Your article is fine, if not a little soft. Be careful of making statements suggesting a product's usefulness, or effectiveness, is secondary to the political or philosophical movement surrounding it. Many users don't want the extra baggage.



In the end, most software is merely a product. Its 'success' is based on its usefulness. Everybody sees the usefulness of gcc, Perl, Python, and the Linux kernal (hence their success). Not everybody sees the usefulness of many projects languishing on SourceForge, despite the obvious market justification for their existence.

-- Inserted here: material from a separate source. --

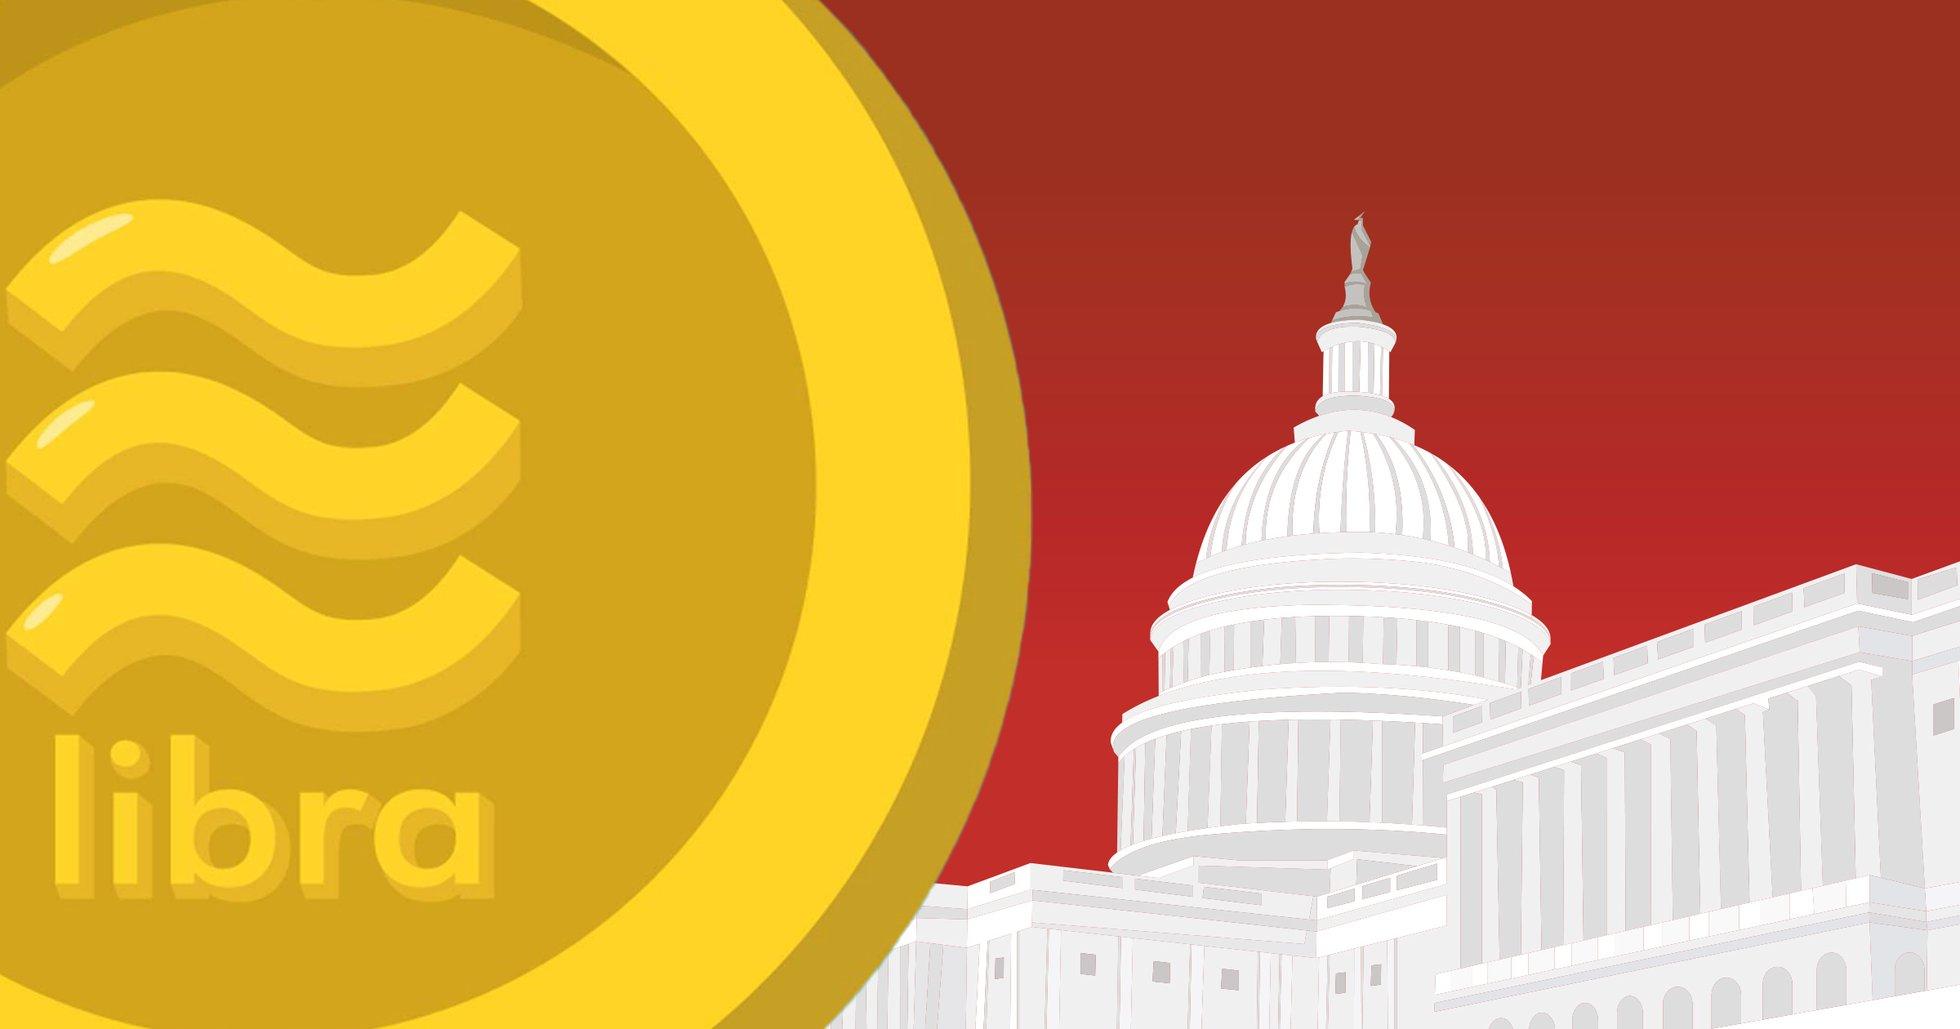 Amerikanska kongressen: Stoppa utvecklingen av er kryptovaluta libra, Facebook

Strong principles are a sign of character, but they don't fill the belly. Developers may have strong character (and I think it's good that they *do*), but businesses exist to fill their own belly. We don't always agree with that, and aren't always happy with that, but it's not 'wrong'.



Most users see a software product's intrinsic value derived from its usefulness. If you want to suggest that its intrinsic value is based on what it represents (i.e., manifestation of cooperation within a community), that's fine, but most people searching for a software package to solve real needs want a tool, not an evangelist telling them how to think.



The silliest assertion by the FSF is the constant drone that business users should 'settle' for software that is not as good as commercial counterparts, simply because of a philosophical assertion, rather than business justification. Or, it's the assertion that these same business users should be more interested in advancing this cause than running their business. Many businesses have no need nor interest (nor resource luxury) to become political activists in addition to their core purpose, which is to run their business and provide products and services to their users.